The column labels were created by similar code. Finally, I combined my 18 graphs (there names are in the local macro) and combined the results with the label graphs.

graph combine `graphs' ,colfirst cols(3) ycommon xcommon imargin(3 3 3 3) b1title("\$ B_w \$") l1title("Density")
graph rename simulations, replace
graph combine sizelabels.gph condlabels.gph simulations, imargin(0 0 0 0) cols(2) holes(1)
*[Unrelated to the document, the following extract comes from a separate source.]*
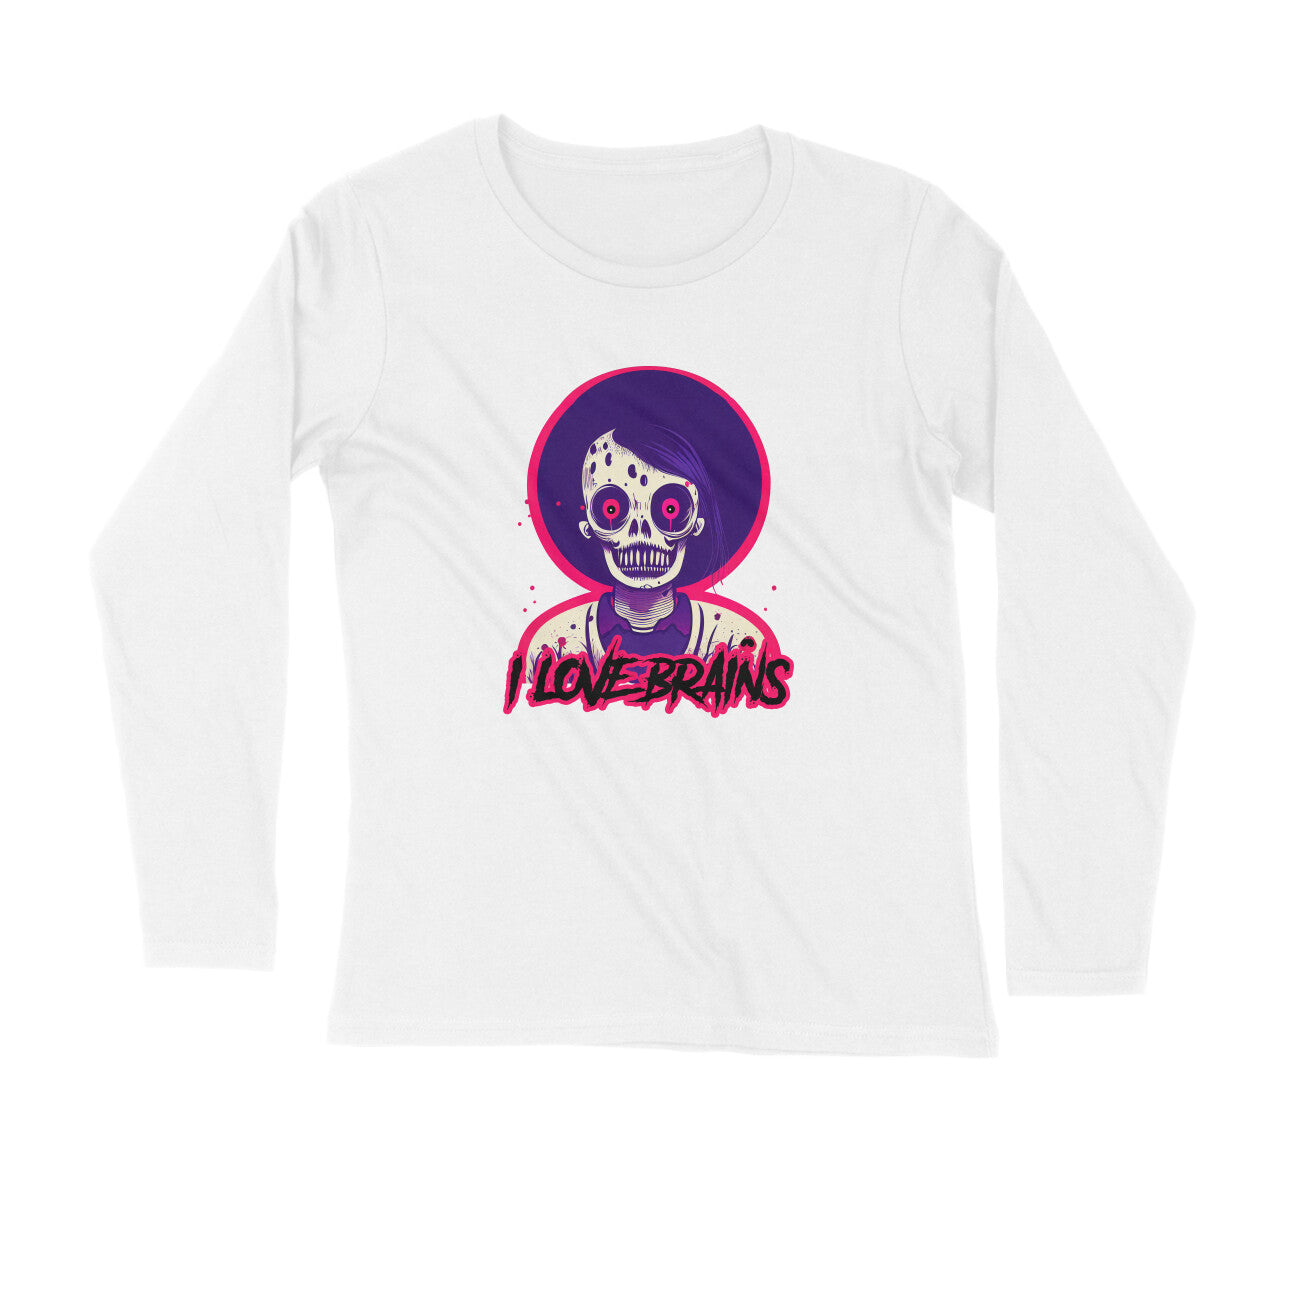 Zombies and monsters Printed Full Sleeves T-Shirt

Can anyone of you think of a more elegant way to achieve this result?

Matrix Graph in Stata

 

Apr 262012
 

For our piece on distance effects in English elections we geocoded the addresses of hundreds of candidates. For the un-initiated: Geocoding is the fine art of converting addresses into geographical coordinates (longitude and latitude). Thanks to Google and some other providers like OpenStreeMap, this is now a relatively painless process. But when one needs more than a few addresses geocoded, one does not rely on pointing-and-clicking. One needs an API, i.e. a software library that makes the service accessible through R, Python or some other programming language.

The upside is that I learned a bit about the wonders of Python in general and the charms of geopy in particular. The downside is that writing a simple script that takes a number of strings from a Stata file, converts them into coordinates and gets them back into Stata took longer than I ever thought possible. Just now, I’ve learned about a possible shortcut (via the excellent data monkey blog): geocode is a user-written Stata command that takes a variable containing address strings and returns two new variables containing the latitude/longitude information. Now that would have been a bit of a time-saver. You can install geocode by typing

net from http://www.stata-journal.com/software/sj11-1
net install dm0053

There is, however, one potential drawback: Google limits the number of free queries per day (and possibly per minute). Via Python, you can easily stagger your requests, and you can also use an API key that is supposed to give you a bigger quota. Geocoding a large number of addresses from Stata in one go, on the other hand, will probably result in an equally large number of parsing errors.